It's also very clear that this policy undermines 3rd party candidates.
From the perspective of third-party candidates, all states have winner-take-all policies. It's just that two states, Nebraska and Maine, are winner-take-all by congressional district plus two statewide electors.
But I don't know that it matters too much for president. Yes, it means that parties with many voters across many electoral districts have little opportunity to get any electoral votes. But that doesn't really matter. Winning a few electoral votes doesn't mean anything. The Nebraska/Maine system just makes the geographic districts a bit smaller.
The real change that could help third-party candidates at the presidential level would be ranked voting. One of the chief arguments of the main parties against third-parties is that they can cause the less preferred of the two candidates to be elected. With ranked voting, minor candidate votes role over to the major candidates (except in systems like range and approval voting). Regardless, ranked voting of any flavor allows people to vote for third-party candidates with less worry about tactical voting giving a better result.
Now, geographic congressional districts in the House make things much harder for third parties there.
Anyway, to get back to the main thrust of the question.
What's the reason not all US states have proportional electoral college vote?
The majority of the voters of Maine voted for Hillary Clinton. But only three of the electoral votes went for Clinton and one went for Trump. The net margin is only two. That's less than the three electors provided for Trump by Wyoming. Maine's voters would have had more electoral impact if all the electoral votes had gone to one candidate.
Winner-take-all by congressional district may better represent the actual vote, but winner-take-all by state gives the state more influence. Most states pick influence over representation.
The majority of the people in each state are advantaged by the current method, giving them little reason to change. You would pick representation over influence, but most people don't. Especially since other states have picked influence over representation. If New York went proportional, it would reduce its influence to a net eleven votes or thereabouts. Compare to Florida's twenty-nine. So New York would have essentially made Florida two and a half times as impactful as New York.
Some Republicans in Pennsylvania actually tried this for the 2016 presidential election. It wouldn't have changed the result if they had succeeded, but it would have increased Clinton's electoral vote total and reduced Trump's. Note however that it was Democrats who opposed it. Because most of the time, Democrats do better under the winner-take-all system in Pennsylvania.
So to get your system passed, you would probably have to ally with people doing it for selfish reasons. And you'd need to provide them enough cover with your altruistic proposal to let them succeed.
Maine and Nebraska were never particularly influential in the presidential election. So they had less to lose and could concentrate on the gains to be made in representing the actual vote. Larger states have different incentives.
This is a fundamental weakness in democracy. By giving power to the majority, it gives the majority the power to hide or marginalize minority opinions. This was one reason that the United States originally operated under a limited government--to reduce that. Of course, the Great Depression made people feel that it was more important to have national action than principled limitation.
What would it take to change that policy for future elections?
Each state can pick its own policy for how electors are allocated.
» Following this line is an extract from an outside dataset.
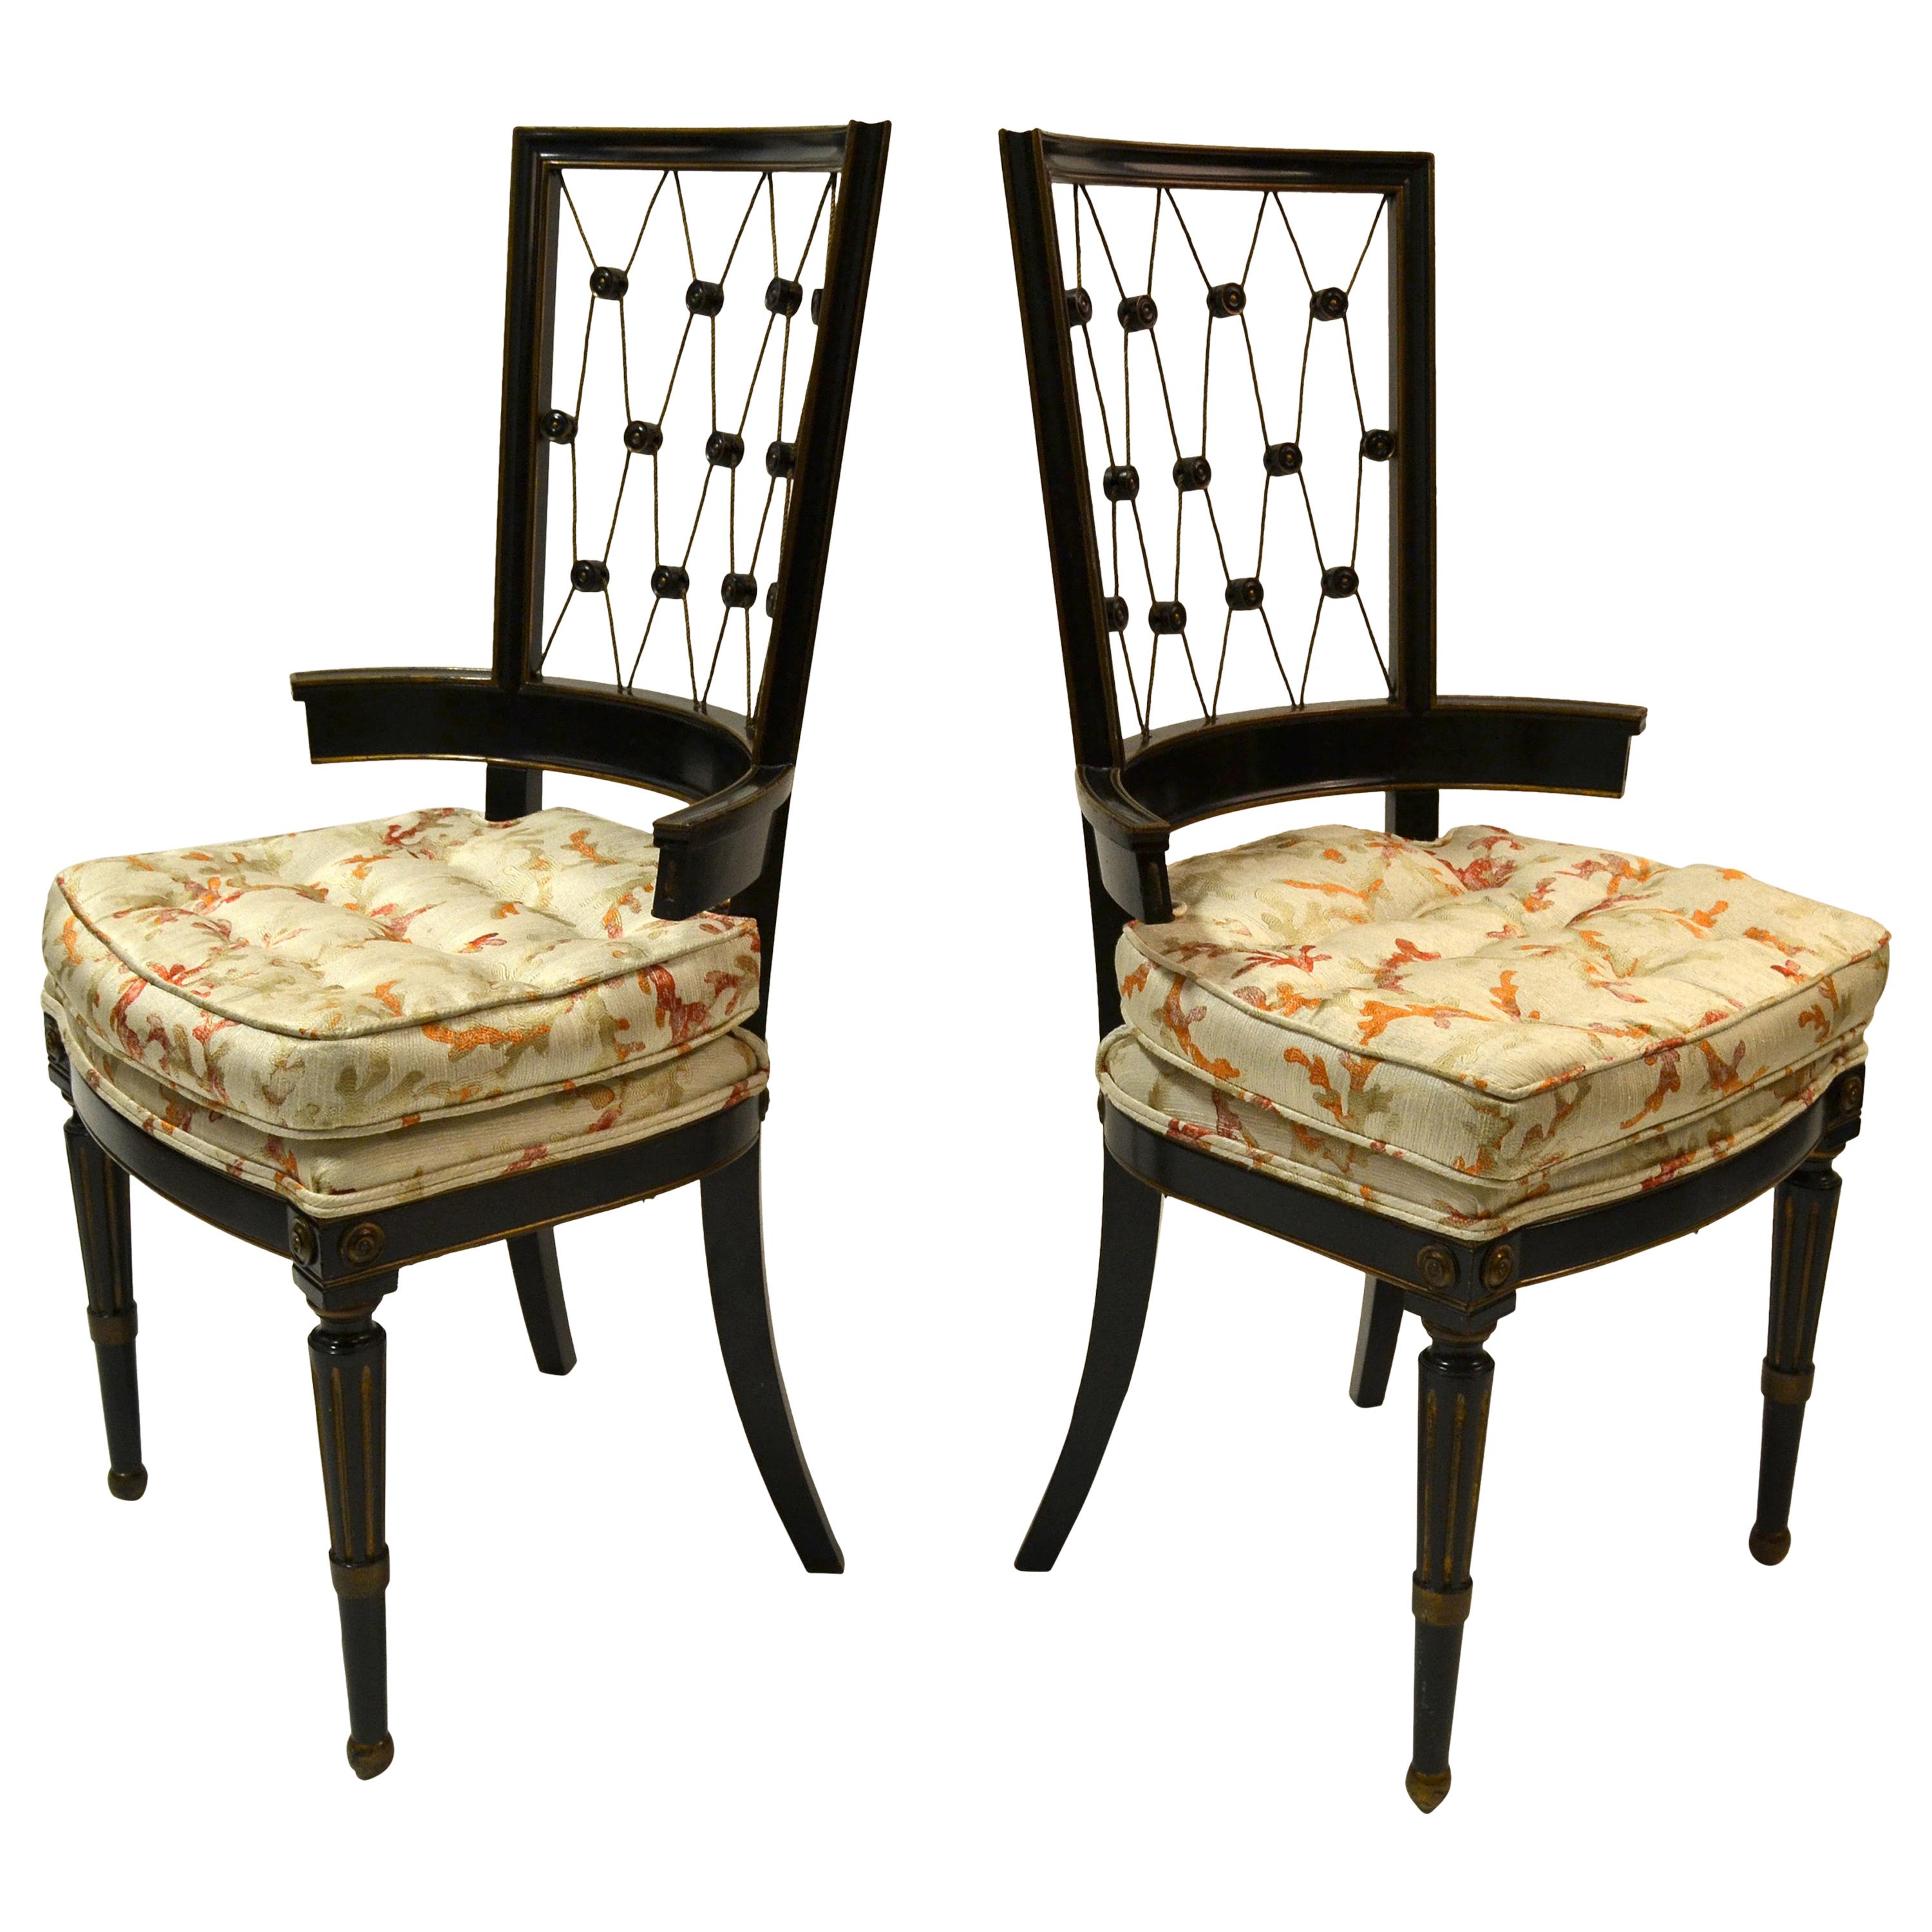 1940s American Side Chairs Intricate Diamond Pattern Back Black and Gold - Pair

In most states, this would be as simple as passing a law.
If you really want to look for a policy though, I'd suggest the National Popular Vote. If that were in effect, the election would have gone to the popular vote winner (currently projected as Hillary Clinton). That just requires 105 more electoral votes worth of states to join to take effect.
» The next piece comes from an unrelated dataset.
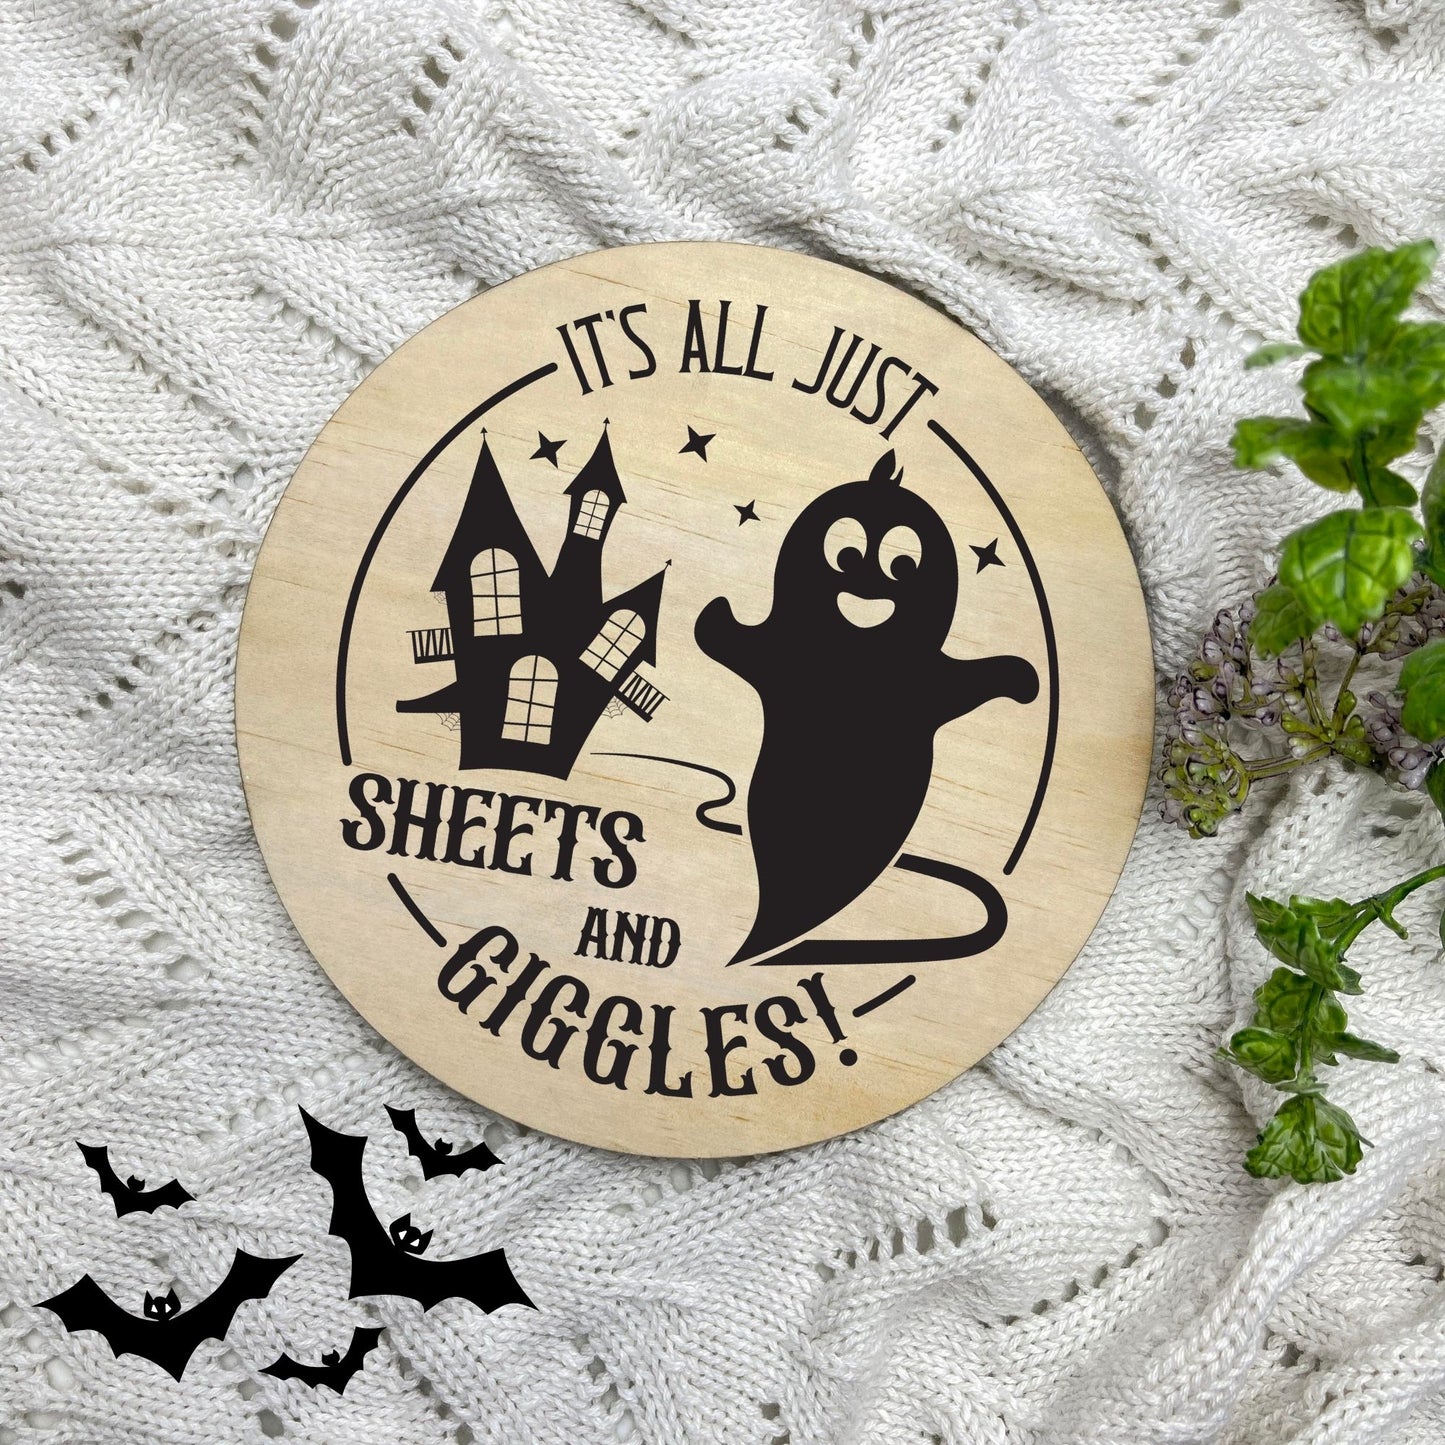 Sheets and giggles sign, Halloween Decor, Spooky Vibes, hocus pocus sign, trick or treat decor, haunted house h28

More importantly, the National Popular Vote proposal doesn't make any changes until it has enough support to make a decisive change. So adopting it doesn't cause elections to be lost because it switches votes in between. And it's even more representative than any division of the electoral college would be, as it counts each vote individually and every one affects the vote. In any district-based system, a large number of votes don't affect the final result.
If you want to encourage third-parties, encourage ranked voting, especially proportional voting at the House level. For president, a national law for nonpartisan primaries with ranked voting and electoral fusion would have the maximum effect. So people could be in the Green party and vote for Jill Stein, Bernie Sanders, Hillary Clinton, Gary Johnson, etc. in that order. After Stein and possibly Sanders were eliminated, Clinton would have had the Green nomination as well as the Democratic nomination. People could vote for their first choice first. Given politics though, this might be more realistically achieved through a constitutional convention.
Proportional voting in the electoral college is more representative but less influential. Going by the national popular vote is even more representative and the way that they have the system set up, everyone switches at once. So no loss of influence.